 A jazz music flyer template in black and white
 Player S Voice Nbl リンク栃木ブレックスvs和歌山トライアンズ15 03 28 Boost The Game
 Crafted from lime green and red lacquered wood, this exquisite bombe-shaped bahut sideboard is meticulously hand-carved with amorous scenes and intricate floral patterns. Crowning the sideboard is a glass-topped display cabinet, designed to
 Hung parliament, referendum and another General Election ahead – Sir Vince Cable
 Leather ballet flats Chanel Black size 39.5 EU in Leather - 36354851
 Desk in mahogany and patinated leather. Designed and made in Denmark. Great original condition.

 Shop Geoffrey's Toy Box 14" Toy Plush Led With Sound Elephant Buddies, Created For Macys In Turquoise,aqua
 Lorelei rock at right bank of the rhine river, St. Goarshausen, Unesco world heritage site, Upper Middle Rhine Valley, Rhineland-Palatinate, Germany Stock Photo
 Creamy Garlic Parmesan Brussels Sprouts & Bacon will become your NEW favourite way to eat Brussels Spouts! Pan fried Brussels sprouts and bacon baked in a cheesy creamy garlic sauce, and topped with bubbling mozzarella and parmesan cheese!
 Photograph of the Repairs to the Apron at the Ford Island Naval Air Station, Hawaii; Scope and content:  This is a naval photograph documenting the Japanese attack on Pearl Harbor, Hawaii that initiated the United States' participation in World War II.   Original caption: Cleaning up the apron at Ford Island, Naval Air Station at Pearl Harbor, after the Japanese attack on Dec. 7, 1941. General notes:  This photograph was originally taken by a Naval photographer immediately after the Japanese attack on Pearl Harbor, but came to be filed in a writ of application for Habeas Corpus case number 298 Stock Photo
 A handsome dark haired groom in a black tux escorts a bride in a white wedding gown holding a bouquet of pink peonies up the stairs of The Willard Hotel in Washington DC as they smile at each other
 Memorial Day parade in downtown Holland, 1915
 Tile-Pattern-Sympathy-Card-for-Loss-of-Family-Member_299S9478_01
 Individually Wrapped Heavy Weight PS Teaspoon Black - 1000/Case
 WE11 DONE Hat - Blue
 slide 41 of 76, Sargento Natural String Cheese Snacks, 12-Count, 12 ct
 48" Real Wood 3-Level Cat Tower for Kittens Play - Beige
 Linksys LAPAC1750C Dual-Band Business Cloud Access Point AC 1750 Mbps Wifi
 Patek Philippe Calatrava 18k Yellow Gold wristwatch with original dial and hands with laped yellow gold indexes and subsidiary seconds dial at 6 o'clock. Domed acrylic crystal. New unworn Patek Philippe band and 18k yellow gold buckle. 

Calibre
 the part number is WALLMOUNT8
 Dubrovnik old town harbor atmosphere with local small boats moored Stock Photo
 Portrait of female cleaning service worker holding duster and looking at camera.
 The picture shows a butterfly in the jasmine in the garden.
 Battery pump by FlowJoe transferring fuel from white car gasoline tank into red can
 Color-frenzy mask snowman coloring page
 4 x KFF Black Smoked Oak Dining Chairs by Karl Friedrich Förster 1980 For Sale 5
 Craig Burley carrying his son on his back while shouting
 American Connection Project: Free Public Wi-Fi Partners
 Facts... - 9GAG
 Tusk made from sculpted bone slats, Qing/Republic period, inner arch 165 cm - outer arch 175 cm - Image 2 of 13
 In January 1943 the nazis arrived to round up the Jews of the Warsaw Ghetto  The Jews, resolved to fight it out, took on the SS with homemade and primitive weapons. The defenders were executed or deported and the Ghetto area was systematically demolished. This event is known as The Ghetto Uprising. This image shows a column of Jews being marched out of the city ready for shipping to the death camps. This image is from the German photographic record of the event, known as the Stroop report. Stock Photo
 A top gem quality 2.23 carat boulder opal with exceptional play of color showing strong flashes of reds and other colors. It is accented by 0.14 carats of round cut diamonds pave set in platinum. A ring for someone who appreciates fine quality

_What to do_
Across the entries, work out how many lines hold the word "holding". Reply with that number only.

_Finished exercise_
2